Николка попытался поймать её взгляд, но тщетно: её глаза скользнули по нему отрешённо, будто он отсутствовал. В кои-то веки пожалеешь, что тёща не заглянула на огонёк, – невольно подумалось.

– Ну… – нахмурился Николка, нехотя вставая из-за стола.

– Если винный закрылся, – шурин бросил взгляд на часы, покачал головой и выпятил нижнюю губу, – то у таксистов попробуй подзаправиться. Проверено. – И хохотнул, наставляя: – У них всегда в бардачке бутылочка припасена. Для страждущих, так сказать.

– Что-нибудь, короче, придумаешь, – заключила Аннушка, и взгляд её был пуст, как те порожние бутылки под столом.

– А он у нас ещё и выдумщик? – схамил шурин, обращаясь к хозяину дома в третьем лице как к предмету, далёкому от него самого и так же далёкому от всех сидящих за столом, в том числе и от Николки. И тут же подмигнул с незлобивой ухмылкой. Стало быть, безобидно схамил. Можно было подумать – испытывает.

 

А меж тем разгорелся между братцем и сестрой обмен любезностями, за чей счёт идти, то есть кому и сколько: я плачу – нет, я…

– А может, и нет, не закрылся. Таки праздник! – рассуждает шурин и подкидывает, точно карты из колоды, на праздничный стол, приговаривая: вот талончик на водочку, вот червончик за водочку – выложил и прихлопнул сверху ладонью: – А там как знаете! Смотрите сами.

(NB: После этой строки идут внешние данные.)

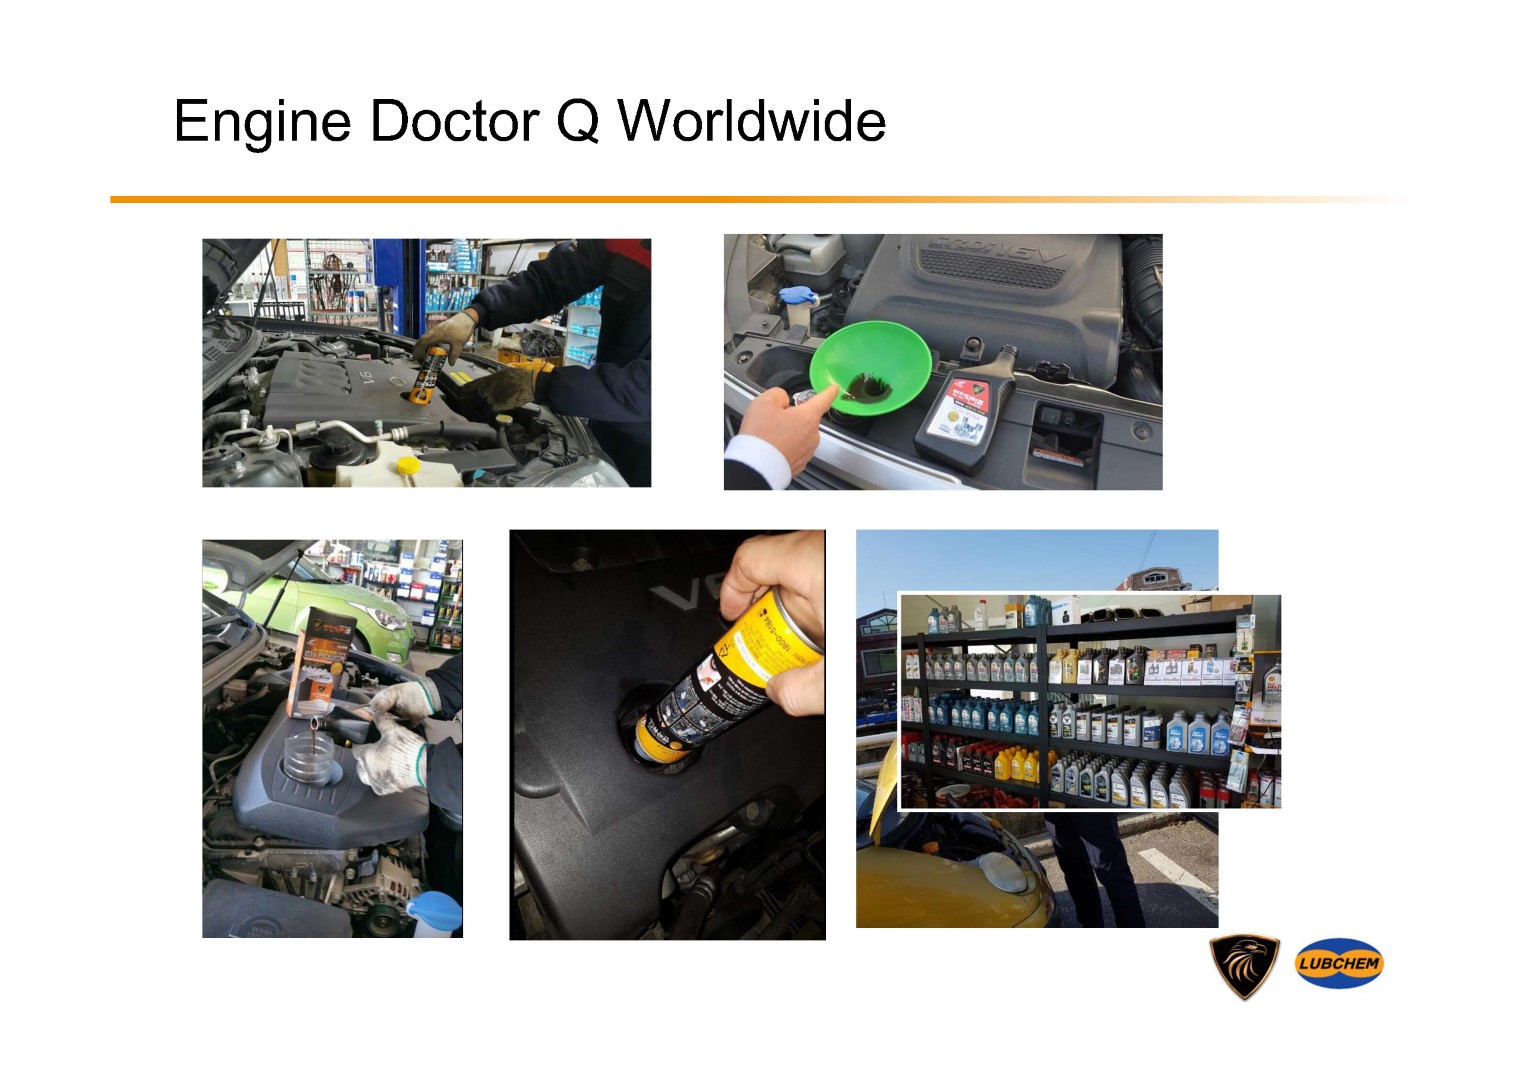 รูปภาพรายละเอียดของ น้ำมันเครื่องสังเคราะห์แท้ 100% Engine Doctor Q สำหรับเครื่องยนต์เบนซิน ลื่น แรง เหนือชั้นกว่าด้วยน้ำมันบริสุทธิ์เบสออยกรุ๊ป3 รุ่นQ5 10W-30 4ลิตร

Аннушка переложила червонец с талоном на журнальный столик, прижала пепельницей, где те и упокоились на виду, а сама полезла в секретер за талонами и деньгами.

Дожидаться окончания пикировки Николка не стал. Вышел.

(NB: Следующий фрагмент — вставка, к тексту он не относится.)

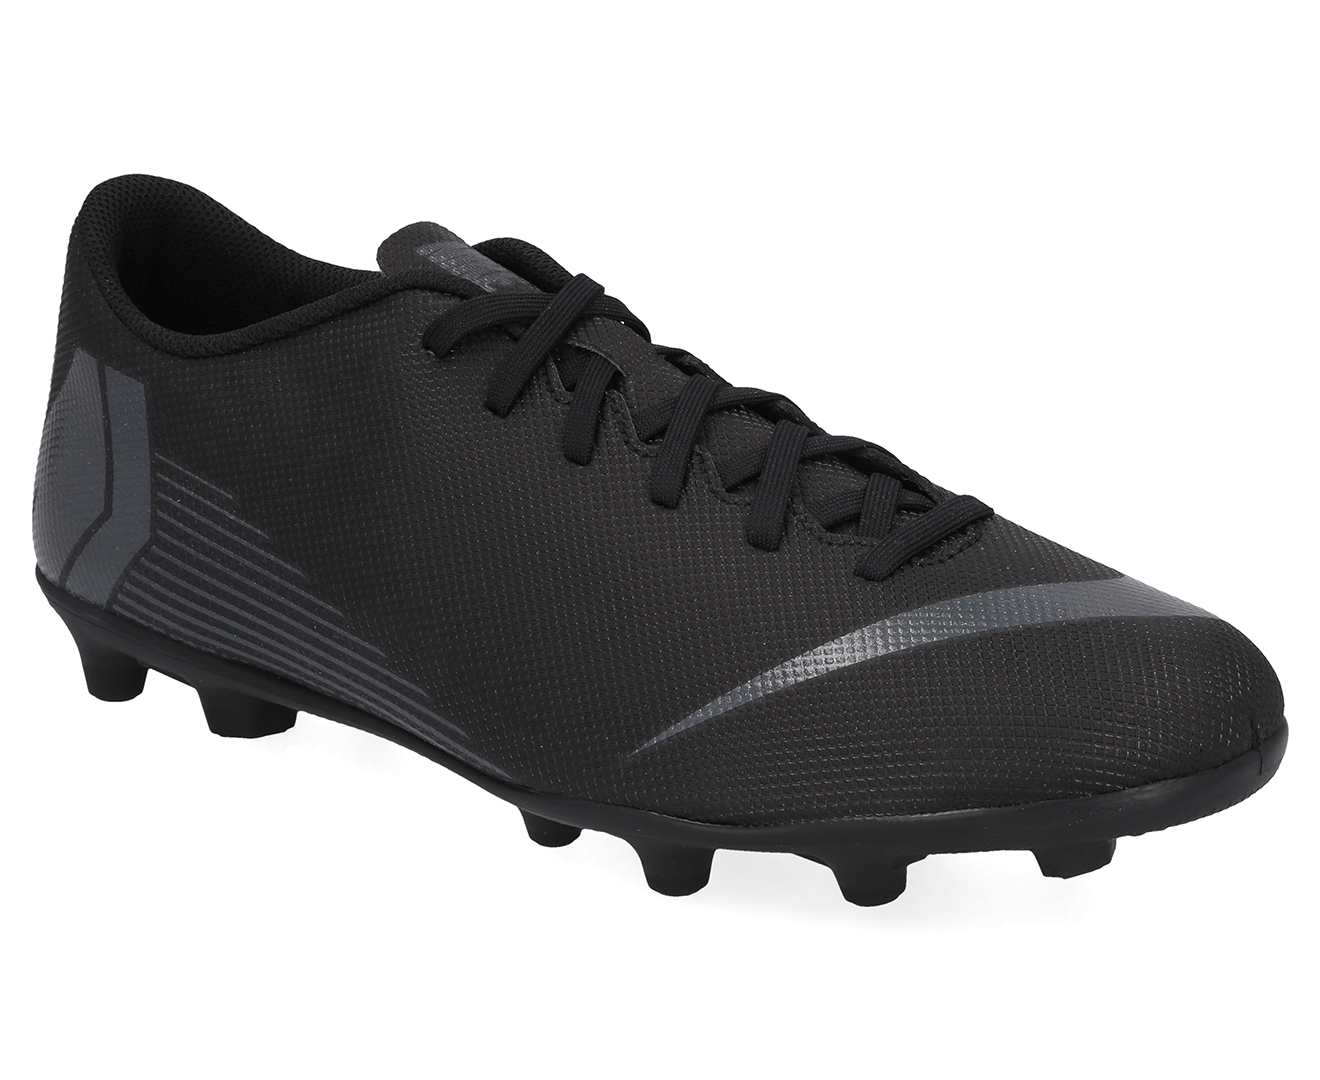 Nike Men's Vapor 12 FG/MG Boot - Black/Black | Catch.com.au

Дверь винного, как и предполагалось, пересекала металлическая штанга – наискось, для надёжности в скобах висел амбарный замок. Для сомневающихся – в рамке объявление на белом листе бумаги от руки красным карандашом: магазин закрыт. К соседу с первого этажа – за первачком сахарным? Чёрт-те знает, что за пойло подсунет! Траванёшь тут всех по случаю… Не в таксопарк же, в самом деле, за беленькой податься? Пораздумав, Николка направил шаг в торговый зал универсама, чтоб раскошелиться на праздничный набор в подарочной упаковке по коммерческим ценам. Водки не было. Не с пустыми же руками возвращаться?! Только коньяк, да шампанское, да вино какое-то баснословное. Завтра, подумалось, Аннушка включит счётную машинку в голове – и давай его корить! Да ну её!!! Шёл к дому и выдумывал небылицу, откуда у него в кармане неучтённый полтинник завалялся.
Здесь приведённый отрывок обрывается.